# Why I don't use Glyphosate (Roundup)...



## Ware (Jan 28, 2017)

Okay, sometimes I use it to spot spray weeds growing in mulched beds or other non-turf areas, but I never use it on my lawn - this is why:








You can drive around this time of year a pick these yards out. I think people hear it's safe to use glyphosate on their dormant Bermuda, but don't actually take the time to make sure it's completely dormant. Sure, that 3" Bermuda looked nice and dormant from the driveway, but now the lawn is going to look like trash for a couple months. :roll:

I simply don't use it - it's not worth the risk. When we have a mild winter here, there are areas of my lawn that never go completely dormant - so please:

​
[/endrant]


----------



## GrassDaddy (Mar 21, 2017)

Or at the very least use a weed wick lol they went a bit crazy with it.. Hope it wasn't extended control like this guy

http://www.dailymail.co.uk/news/article-2173781/Man-destroys-40-000-square-foot-lawn-mistakenly-buying-weed-AND-grass-killer.html


----------



## Ware (Jan 28, 2017)

GrassDaddy said:


> Or at the very least use a weed wick lol they went a bit crazy with it.. Hope it wasn't extended control like this guy
> 
> http://www.dailymail.co.uk/news/article-2173781/Man-destroys-40-000-square-foot-lawn-mistakenly-buying-weed-AND-grass-killer.html


Oh WOW! Although I guess this photo could be used to demonstrate how he wouldn't have missed those strips had he applied it at half rate in two perpendicular passes. :lol:


----------



## Redtenchu (Jan 28, 2017)




----------



## GrassDaddy (Mar 21, 2017)

Ware said:


> Oh WOW! Although I guess this photo could be used to demonstrate how he wouldn't have missed those strips had he applied it at half rate in two perpendicular passes. :lol:


Got a better one for that:


----------



## MedozK (Jun 6, 2017)

Boy, did I learn my lesson last year. So glad for the help I got here from you guys last year.


----------



## Mightyquinn (Jan 31, 2017)

MedozK said:


> Boy, did I learn my lesson last year. So glad for the help I got here from you guys last year.
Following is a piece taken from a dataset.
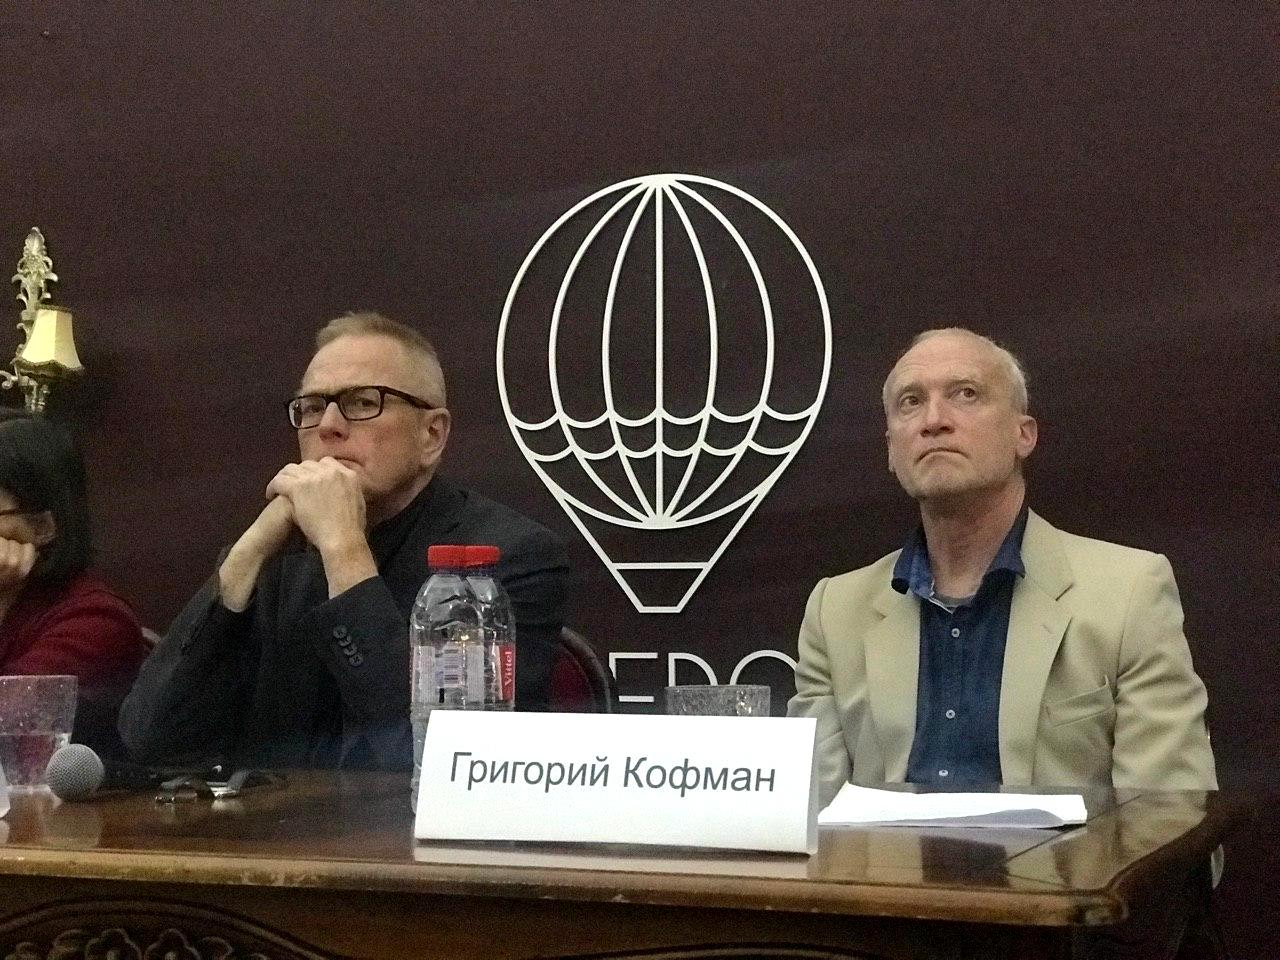 В Санкт-Петербурге прошли две лекции о правах человека в Германии и России

Last year??  The forum is only a little over 5 months old! :lol: :lol:

Just joking, I knew what you meant :thumbup:


----------



## MedozK (Jun 6, 2017)

Mightyquinn said:


> MedozK said:
> 
> 
> > Boy, did I learn my lesson last year. So glad for the help I got here from you guys last year.
> ...


Ha, yea really glad I was directed here. Glad to see the familiar names and lawns. Ready to learn and get another season under my belt.


----------



## MedozK (Jun 6, 2017)

My mistake in March of 2016



And now. Man I LOVE Bermuda.
June 2017


----------



## dfw_pilot (Jan 28, 2017)

I remember that!! Lawn is looking amazing now - nice work.


----------



## MedozK (Jun 6, 2017)

dfw_pilot said:


> I remember that!! Lawn is looking amazing now - nice work.


Thanks. And I remember you telling me, "NWT, Nitrogen, Water, and Time will fix it." which was true.


----------